Every entry below, from first to last, should be copied exactly.
◆ ◆ ◆ ◆ ◆
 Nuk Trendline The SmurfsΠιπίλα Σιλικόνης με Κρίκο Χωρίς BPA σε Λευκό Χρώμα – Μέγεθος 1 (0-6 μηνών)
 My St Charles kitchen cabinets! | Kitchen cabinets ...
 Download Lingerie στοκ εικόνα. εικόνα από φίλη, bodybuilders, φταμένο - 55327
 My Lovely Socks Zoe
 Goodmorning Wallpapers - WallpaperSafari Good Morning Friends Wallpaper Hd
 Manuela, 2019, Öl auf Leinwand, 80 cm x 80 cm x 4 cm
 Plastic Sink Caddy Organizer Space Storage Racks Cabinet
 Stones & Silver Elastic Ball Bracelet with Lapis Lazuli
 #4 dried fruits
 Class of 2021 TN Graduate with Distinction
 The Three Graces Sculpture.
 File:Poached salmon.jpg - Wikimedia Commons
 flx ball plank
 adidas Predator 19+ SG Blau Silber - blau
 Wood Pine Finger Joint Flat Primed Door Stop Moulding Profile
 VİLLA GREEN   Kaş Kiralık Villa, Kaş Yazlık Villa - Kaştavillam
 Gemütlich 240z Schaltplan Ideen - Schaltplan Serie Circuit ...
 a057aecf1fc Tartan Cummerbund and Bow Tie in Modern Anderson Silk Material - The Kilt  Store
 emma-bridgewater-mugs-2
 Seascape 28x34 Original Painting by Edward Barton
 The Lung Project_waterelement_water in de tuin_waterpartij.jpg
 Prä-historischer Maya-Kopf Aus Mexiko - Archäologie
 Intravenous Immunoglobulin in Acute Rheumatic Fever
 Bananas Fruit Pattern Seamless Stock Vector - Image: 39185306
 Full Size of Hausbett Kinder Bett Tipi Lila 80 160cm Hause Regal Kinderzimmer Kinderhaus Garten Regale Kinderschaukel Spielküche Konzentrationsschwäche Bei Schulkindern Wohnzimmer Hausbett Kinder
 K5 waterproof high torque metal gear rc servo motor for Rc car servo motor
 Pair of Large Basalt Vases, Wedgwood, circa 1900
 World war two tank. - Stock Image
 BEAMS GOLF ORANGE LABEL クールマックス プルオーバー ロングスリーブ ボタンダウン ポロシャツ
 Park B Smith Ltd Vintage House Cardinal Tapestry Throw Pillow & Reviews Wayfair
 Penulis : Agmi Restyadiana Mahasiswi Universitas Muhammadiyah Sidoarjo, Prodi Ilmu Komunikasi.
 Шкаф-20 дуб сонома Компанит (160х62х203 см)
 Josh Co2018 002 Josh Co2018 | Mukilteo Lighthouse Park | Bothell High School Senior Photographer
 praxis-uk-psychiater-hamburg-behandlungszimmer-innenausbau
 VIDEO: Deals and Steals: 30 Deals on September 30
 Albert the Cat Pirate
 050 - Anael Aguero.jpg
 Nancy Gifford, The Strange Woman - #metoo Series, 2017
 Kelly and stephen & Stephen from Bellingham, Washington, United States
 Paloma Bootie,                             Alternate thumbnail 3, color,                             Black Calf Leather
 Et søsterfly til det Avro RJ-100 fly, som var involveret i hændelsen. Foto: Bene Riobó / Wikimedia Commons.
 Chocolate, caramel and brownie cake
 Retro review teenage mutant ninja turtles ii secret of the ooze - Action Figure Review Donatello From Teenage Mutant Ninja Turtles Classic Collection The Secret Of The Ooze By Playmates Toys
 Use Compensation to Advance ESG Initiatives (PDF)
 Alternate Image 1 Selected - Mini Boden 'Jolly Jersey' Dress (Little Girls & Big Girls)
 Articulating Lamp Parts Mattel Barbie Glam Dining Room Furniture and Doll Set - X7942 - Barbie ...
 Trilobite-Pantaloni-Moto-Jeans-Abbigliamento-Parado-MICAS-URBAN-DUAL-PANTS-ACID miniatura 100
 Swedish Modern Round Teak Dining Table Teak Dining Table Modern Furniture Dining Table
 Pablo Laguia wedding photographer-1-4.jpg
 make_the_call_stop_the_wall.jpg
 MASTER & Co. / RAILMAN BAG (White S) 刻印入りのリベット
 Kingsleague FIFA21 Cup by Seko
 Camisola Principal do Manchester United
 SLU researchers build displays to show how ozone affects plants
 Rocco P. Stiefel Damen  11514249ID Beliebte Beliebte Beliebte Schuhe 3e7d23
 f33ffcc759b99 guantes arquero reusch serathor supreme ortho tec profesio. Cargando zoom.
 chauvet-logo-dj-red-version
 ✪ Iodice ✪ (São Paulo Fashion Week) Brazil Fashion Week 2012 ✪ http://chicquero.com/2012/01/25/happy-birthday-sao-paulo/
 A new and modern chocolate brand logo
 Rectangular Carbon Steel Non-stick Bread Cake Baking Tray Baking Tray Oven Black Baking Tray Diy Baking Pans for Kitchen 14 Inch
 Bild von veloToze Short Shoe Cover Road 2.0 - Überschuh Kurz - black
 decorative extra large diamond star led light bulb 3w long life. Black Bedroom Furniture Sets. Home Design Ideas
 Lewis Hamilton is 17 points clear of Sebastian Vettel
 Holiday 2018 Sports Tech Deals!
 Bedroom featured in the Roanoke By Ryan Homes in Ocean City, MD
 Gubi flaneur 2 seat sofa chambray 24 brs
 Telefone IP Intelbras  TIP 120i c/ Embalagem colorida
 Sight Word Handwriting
◆ ◆ ◆ ◆ ◆
• [Answer area]
 Nuk Trendline The SmurfsΠιπίλα Σιλικόνης με Κρίκο Χωρίς BPA σε Λευκό Χρώμα – Μέγεθος 1 (0-6 μηνών)
 My St Charles kitchen cabinets! | Kitchen cabinets ...
 Download Lingerie στοκ εικόνα. εικόνα από φίλη, bodybuilders, φταμένο - 55327
 My Lovely Socks Zoe
 Goodmorning Wallpapers - WallpaperSafari Good Morning Friends Wallpaper Hd
 Manuela, 2019, Öl auf Leinwand, 80 cm x 80 cm x 4 cm
 Plastic Sink Caddy Organizer Space Storage Racks Cabinet
 Stones & Silver Elastic Ball Bracelet with Lapis Lazuli
 #4 dried fruits
 Class of 2021 TN Graduate with Distinction
 The Three Graces Sculpture.
 File:Poached salmon.jpg - Wikimedia Commons
 flx ball plank
 adidas Predator 19+ SG Blau Silber - blau
 Wood Pine Finger Joint Flat Primed Door Stop Moulding Profile
 VİLLA GREEN   Kaş Kiralık Villa, Kaş Yazlık Villa - Kaştavillam
 Gemütlich 240z Schaltplan Ideen - Schaltplan Serie Circuit ...
 a057aecf1fc Tartan Cummerbund and Bow Tie in Modern Anderson Silk Material - The Kilt  Store
 emma-bridgewater-mugs-2
 Seascape 28x34 Original Painting by Edward Barton
 The Lung Project_waterelement_water in de tuin_waterpartij.jpg
 Prä-historischer Maya-Kopf Aus Mexiko - Archäologie
 Intravenous Immunoglobulin in Acute Rheumatic Fever
 Bananas Fruit Pattern Seamless Stock Vector - Image: 39185306
 Full Size of Hausbett Kinder Bett Tipi Lila 80 160cm Hause Regal Kinderzimmer Kinderhaus Garten Regale Kinderschaukel Spielküche Konzentrationsschwäche Bei Schulkindern Wohnzimmer Hausbett Kinder
 K5 waterproof high torque metal gear rc servo motor for Rc car servo motor
 Pair of Large Basalt Vases, Wedgwood, circa 1900
 World war two tank. - Stock Image
 BEAMS GOLF ORANGE LABEL クールマックス プルオーバー ロングスリーブ ボタンダウン ポロシャツ
 Park B Smith Ltd Vintage House Cardinal Tapestry Throw Pillow & Reviews Wayfair
 Penulis : Agmi Restyadiana Mahasiswi Universitas Muhammadiyah Sidoarjo, Prodi Ilmu Komunikasi.
 Шкаф-20 дуб сонома Компанит (160х62х203 см)
 Josh Co2018 002 Josh Co2018 | Mukilteo Lighthouse Park | Bothell High School Senior Photographer
 praxis-uk-psychiater-hamburg-behandlungszimmer-innenausbau
 VIDEO: Deals and Steals: 30 Deals on September 30
 Albert the Cat Pirate
 050 - Anael Aguero.jpg
 Nancy Gifford, The Strange Woman - #metoo Series, 2017
 Kelly and stephen & Stephen from Bellingham, Washington, United States
 Paloma Bootie,                             Alternate thumbnail 3, color,                             Black Calf Leather
 Et søsterfly til det Avro RJ-100 fly, som var involveret i hændelsen. Foto: Bene Riobó / Wikimedia Commons.
 Chocolate, caramel and brownie cake
 Retro review teenage mutant ninja turtles ii secret of the ooze - Action Figure Review Donatello From Teenage Mutant Ninja Turtles Classic Collection The Secret Of The Ooze By Playmates Toys
 Use Compensation to Advance ESG Initiatives (PDF)
 Alternate Image 1 Selected - Mini Boden 'Jolly Jersey' Dress (Little Girls & Big Girls)
 Articulating Lamp Parts Mattel Barbie Glam Dining Room Furniture and Doll Set - X7942 - Barbie ...
 Trilobite-Pantaloni-Moto-Jeans-Abbigliamento-Parado-MICAS-URBAN-DUAL-PANTS-ACID miniatura 100
 Swedish Modern Round Teak Dining Table Teak Dining Table Modern Furniture Dining Table
 Pablo Laguia wedding photographer-1-4.jpg
 make_the_call_stop_the_wall.jpg
 MASTER & Co. / RAILMAN BAG (White S) 刻印入りのリベット
 Kingsleague FIFA21 Cup by Seko
 Camisola Principal do Manchester United
 SLU researchers build displays to show how ozone affects plants
 Rocco P. Stiefel Damen  11514249ID Beliebte Beliebte Beliebte Schuhe 3e7d23
 f33ffcc759b99 guantes arquero reusch serathor supreme ortho tec profesio. Cargando zoom.
 chauvet-logo-dj-red-version
 ✪ Iodice ✪ (São Paulo Fashion Week) Brazil Fashion Week 2012 ✪ http://chicquero.com/2012/01/25/happy-birthday-sao-paulo/
 A new and modern chocolate brand logo
 Rectangular Carbon Steel Non-stick Bread Cake Baking Tray Baking Tray Oven Black Baking Tray Diy Baking Pans for Kitchen 14 Inch
 Bild von veloToze Short Shoe Cover Road 2.0 - Überschuh Kurz - black
 decorative extra large diamond star led light bulb 3w long life. Black Bedroom Furniture Sets. Home Design Ideas
 Lewis Hamilton is 17 points clear of Sebastian Vettel
 Holiday 2018 Sports Tech Deals!
 Bedroom featured in the Roanoke By Ryan Homes in Ocean City, MD
 Gubi flaneur 2 seat sofa chambray 24 brs
 Telefone IP Intelbras  TIP 120i c/ Embalagem colorida
 Sight Word Handwriting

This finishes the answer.